---- Supplied records

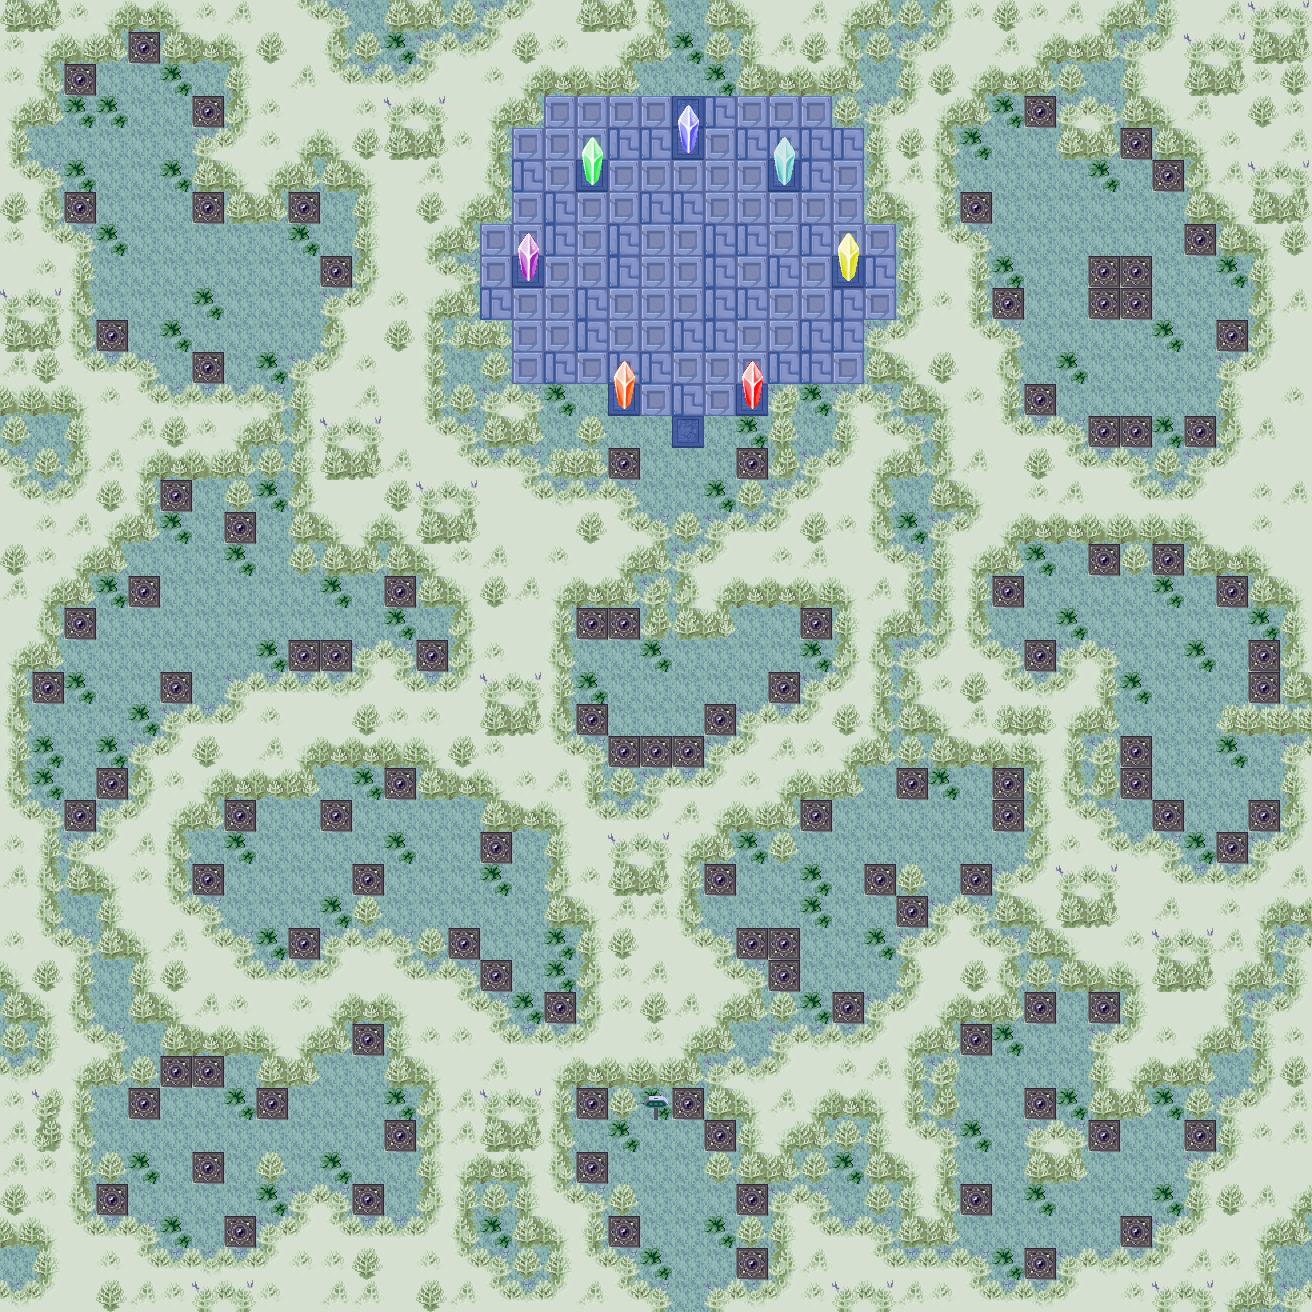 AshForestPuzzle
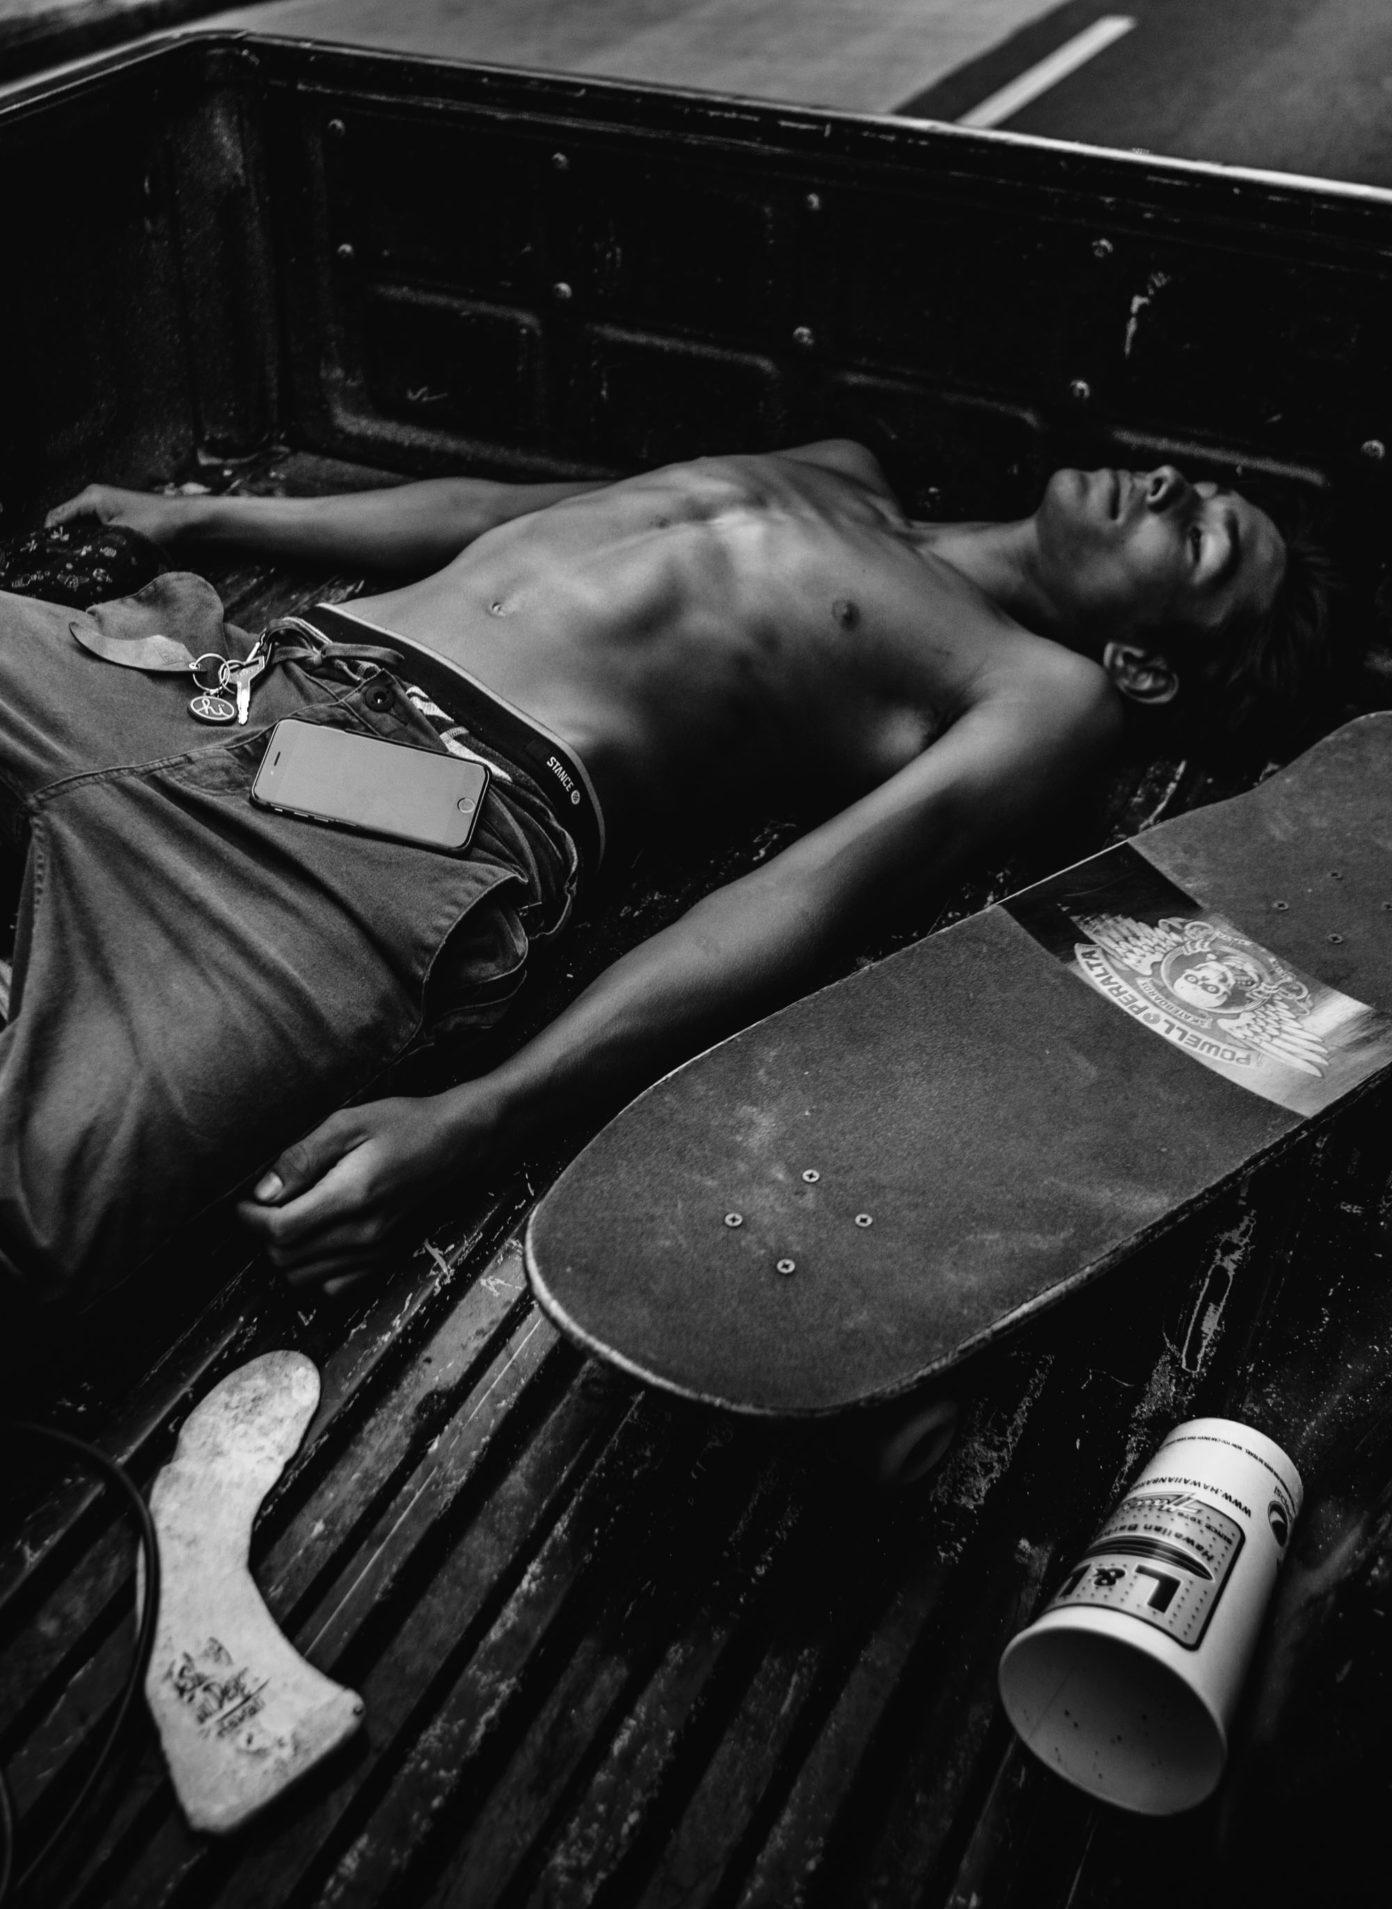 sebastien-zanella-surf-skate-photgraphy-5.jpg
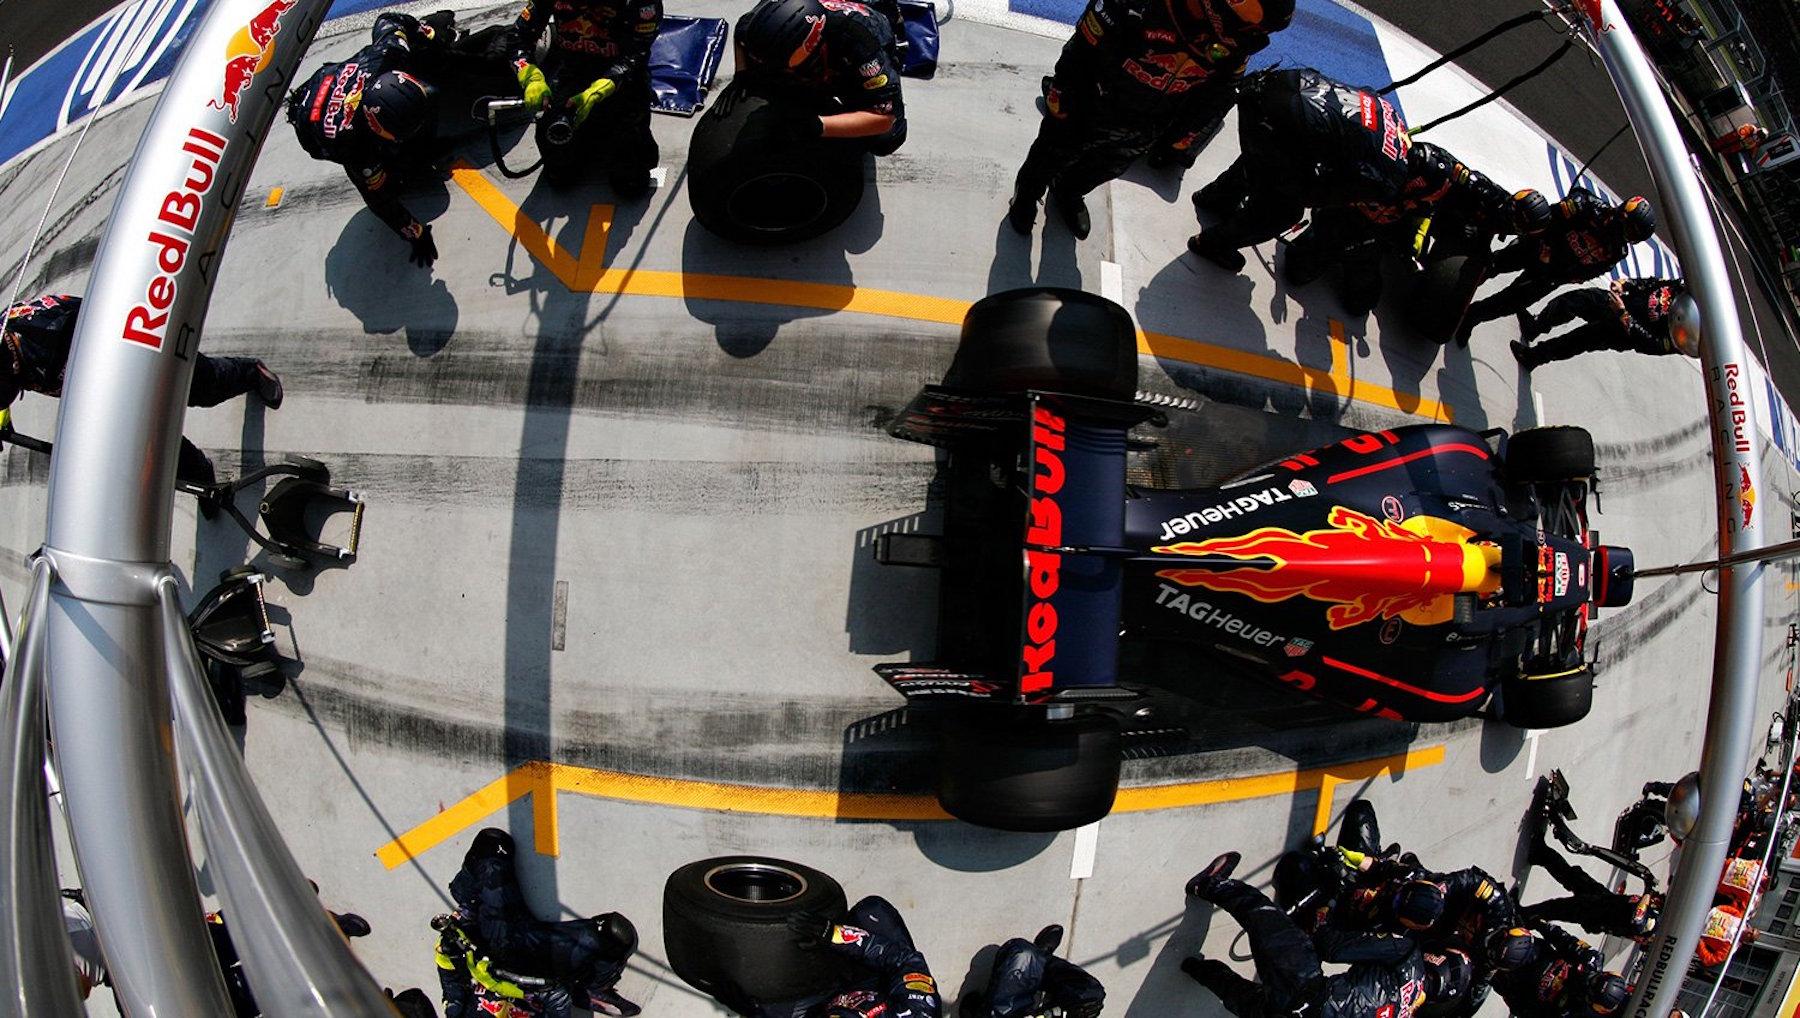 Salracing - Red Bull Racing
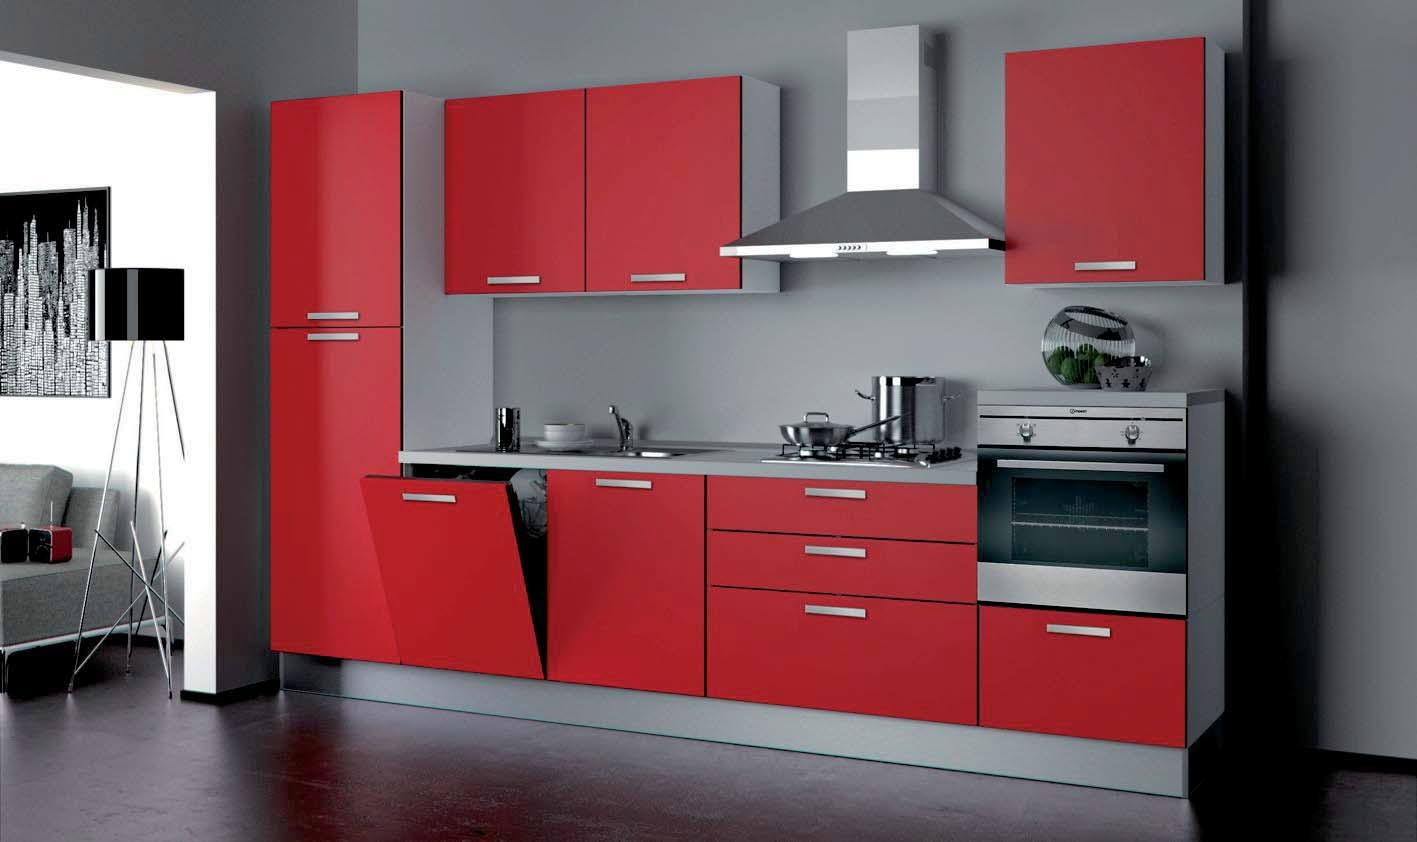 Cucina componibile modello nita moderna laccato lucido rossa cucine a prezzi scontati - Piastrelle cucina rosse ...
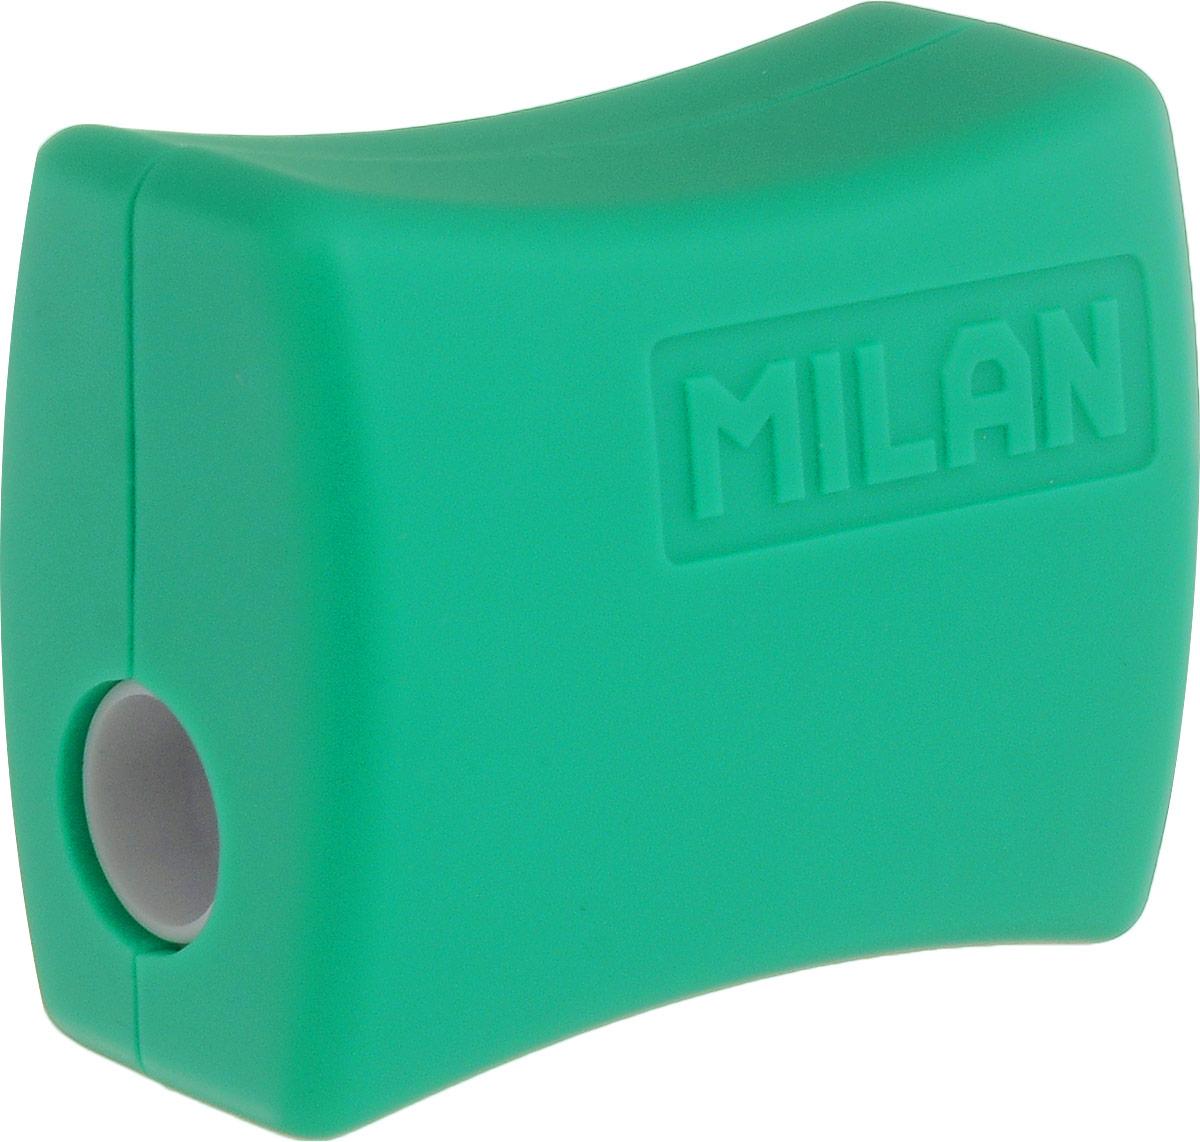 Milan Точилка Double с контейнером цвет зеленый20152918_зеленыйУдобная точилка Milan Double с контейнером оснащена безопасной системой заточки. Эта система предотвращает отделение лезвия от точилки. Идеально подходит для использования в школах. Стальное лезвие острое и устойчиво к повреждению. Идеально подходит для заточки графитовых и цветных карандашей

--------

§ **What is needed**
Please repeat exactly the lines from the one containing "Salracing - Red Bull Racing" through the last line of the records, both included, and leave out the pictures.

§ **Solved exercise**
 Salracing - Red Bull Racing
 Cucina componibile modello nita moderna laccato lucido rossa cucine a prezzi scontati - Piastrelle cucina rosse ...
 Milan Точилка Double с контейнером цвет зеленый20152918_зеленыйУдобная точилка Milan Double с контейнером оснащена безопасной системой заточки. Эта система предотвращает отделение лезвия от точилки. Идеально подходит для использования в школах. Стальное лезвие острое и устойчиво к повреждению. Идеально подходит для заточки графитовых и цветных карандашей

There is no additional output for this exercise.